The Benefits of Whole-Systems Traditional Chinese Medicine Therapy in Improving IVF Outcomes



A new study published in the European Journal of Integrative Medicine has found that whole-systems traditional Chinese medicine therapy can have a positive impact on in vitro fertilization (IVF) and embryo transfer outcomes.


The retrospective cohort study was conducted by researchers from the First Clinical College and Reproductive Center of Integrated Medicine at Shandong University of Traditional Chinese Medicine. The study analyzed data from 2,733 patients who underwent IVF and embryo transfer between 2018 and 2022.

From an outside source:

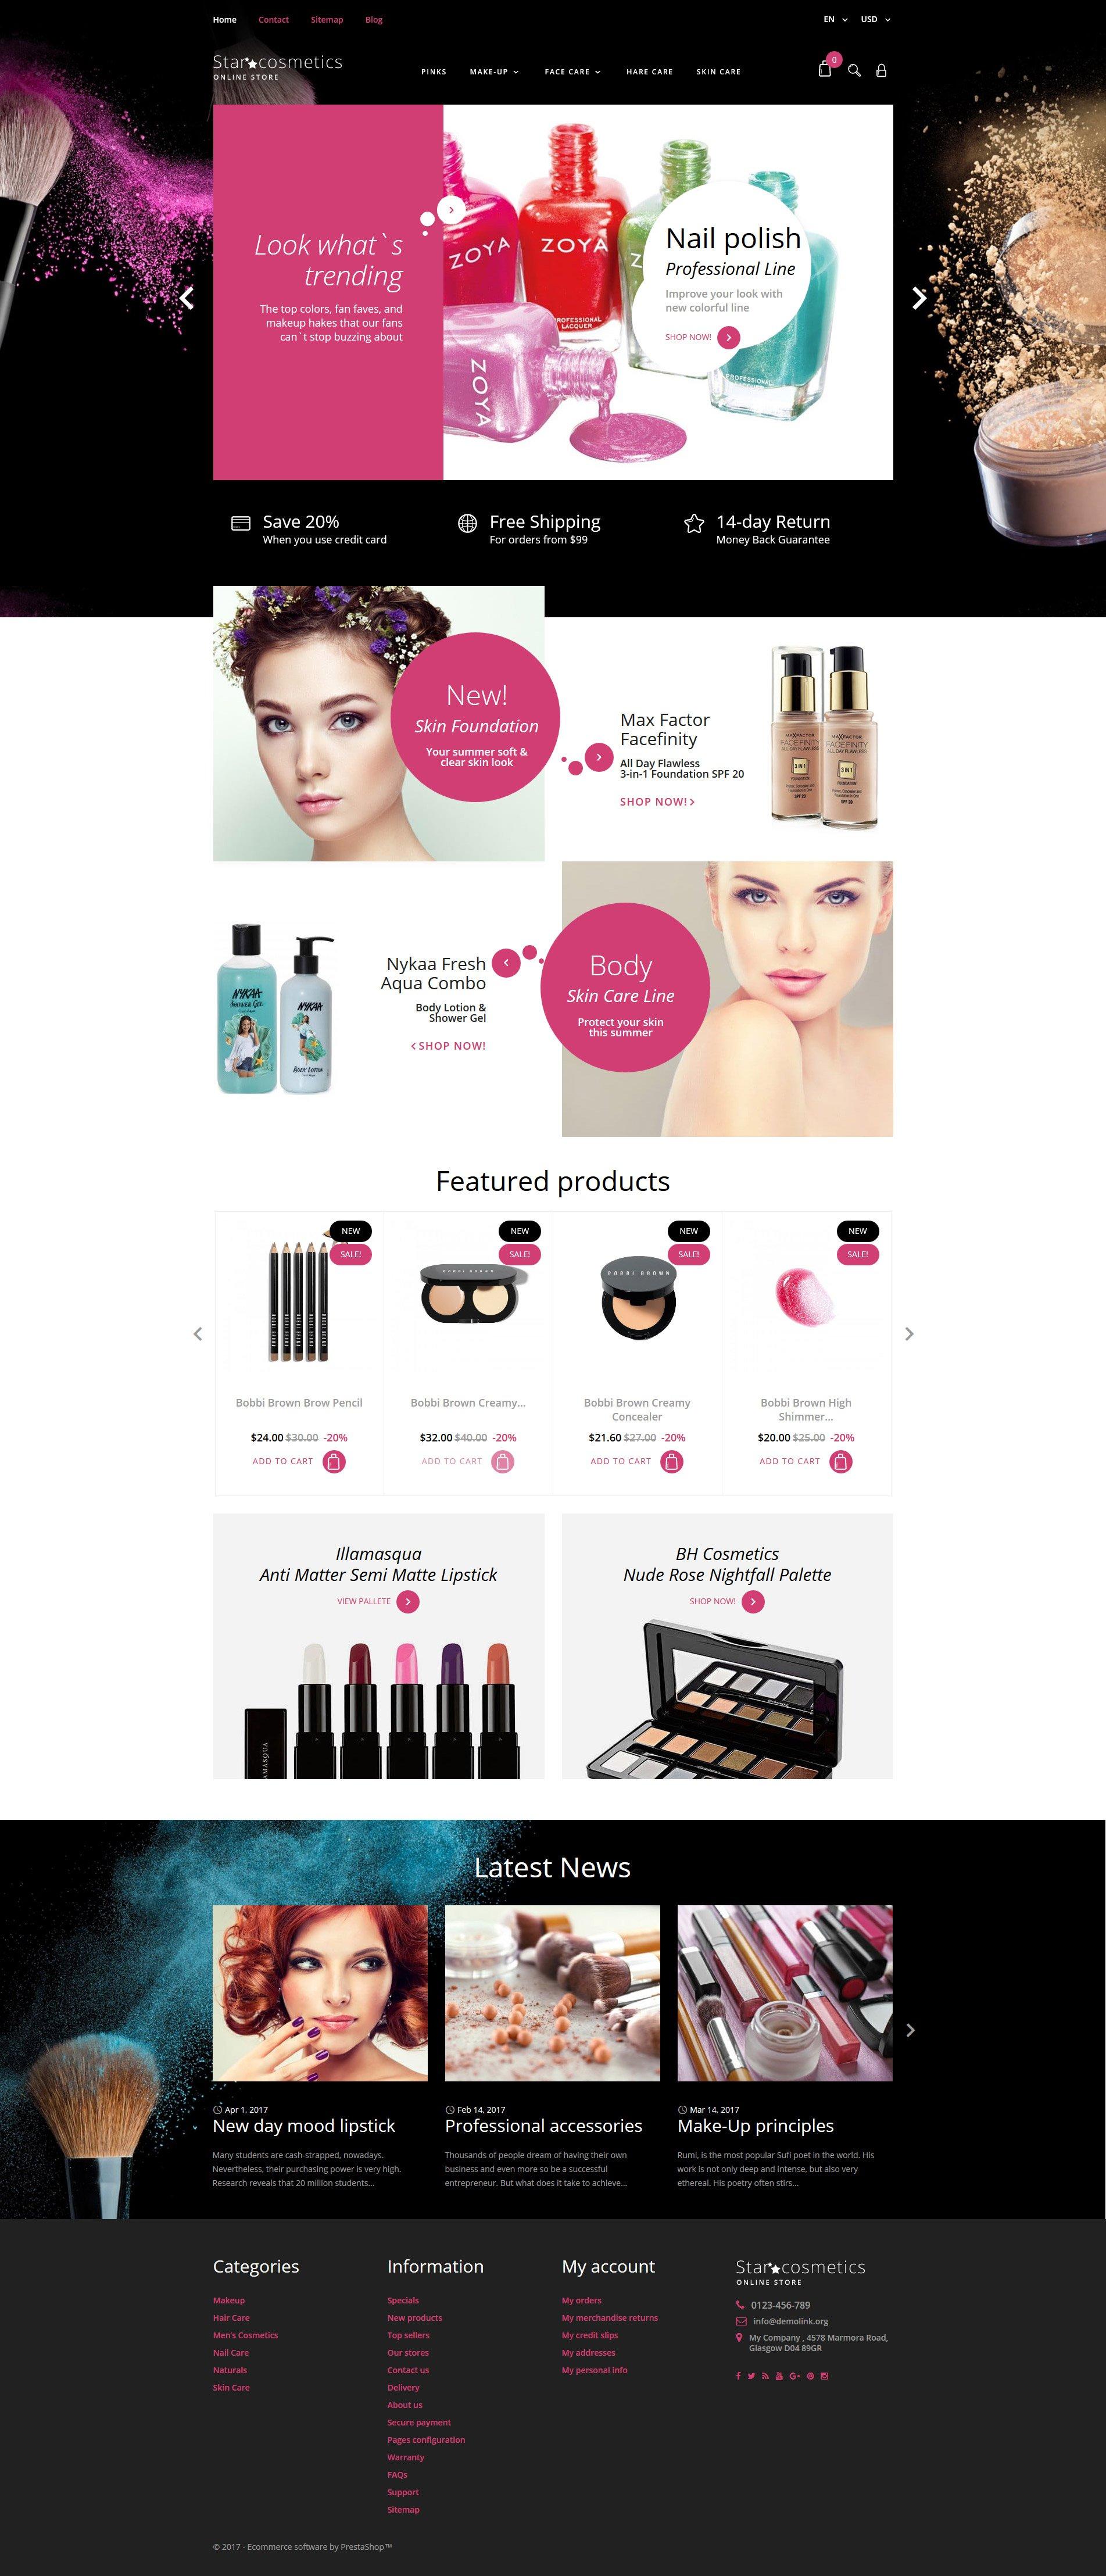 Responsywny szablon PrestaShop Star Cosmetics - Beauty Items Responsive #63545 - zrzut ekranu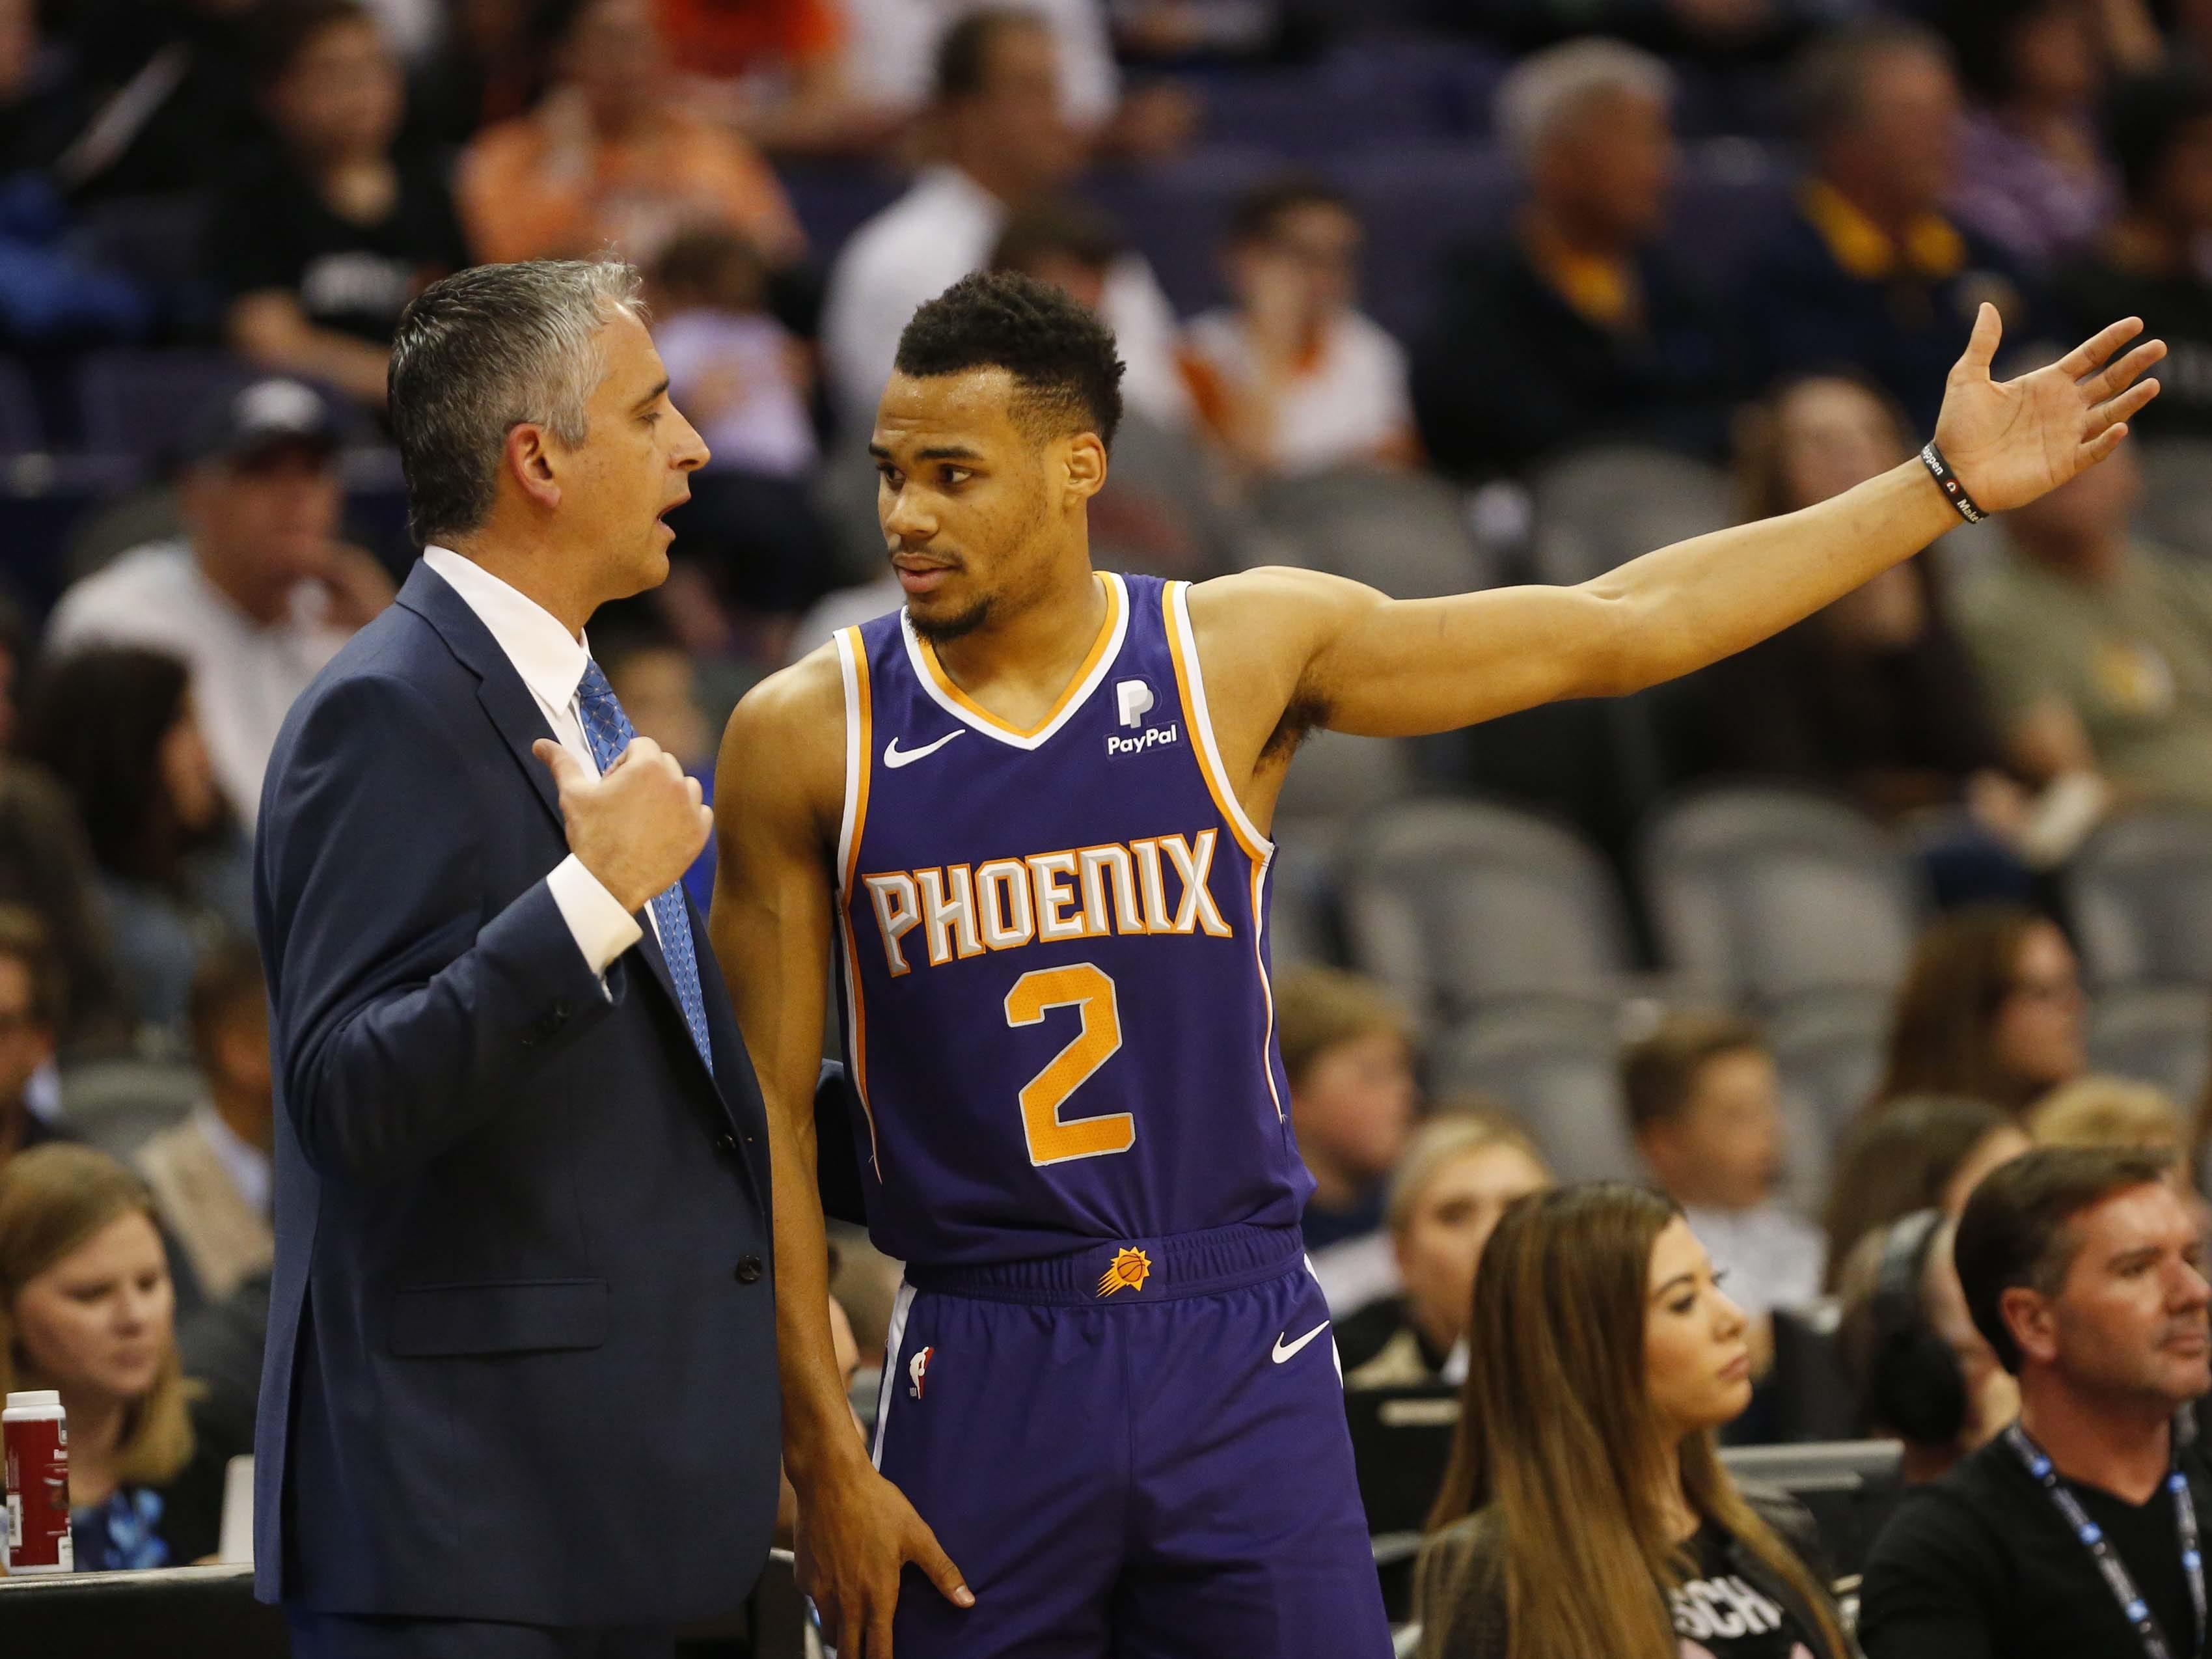 Phoenix Suns head coach Igor Kokoskov talks with Phoenix Suns guard Elie Okobo (2) during the second quarter against the Charlotte Hornets in Phoenix January 6, 2019.

The basis of all treatments relies on the principle of the cyclical changes of "Yin and Yang" in the Kidney and the fluctuations of "Qi and Blood" in the uterus. These cycles are divided into four phases: the menstrual phase (cycle days 1-3), the follicular phase (cycle days 4-12), the ovulation phase (cycle days 13-14), and the luteal phase (cycle days 15 until the onset of menses).


The traditional Chinese medicine therapy used in the study included acupuncture, herbal medicine, dietary therapy, and lifestyle recommendations. The researchers found that patients who received this whole-systems approach had higher rates of successful embryo implantation, pregnancy, and live birth compared to those who did not receive traditional Chinese medicine therapy.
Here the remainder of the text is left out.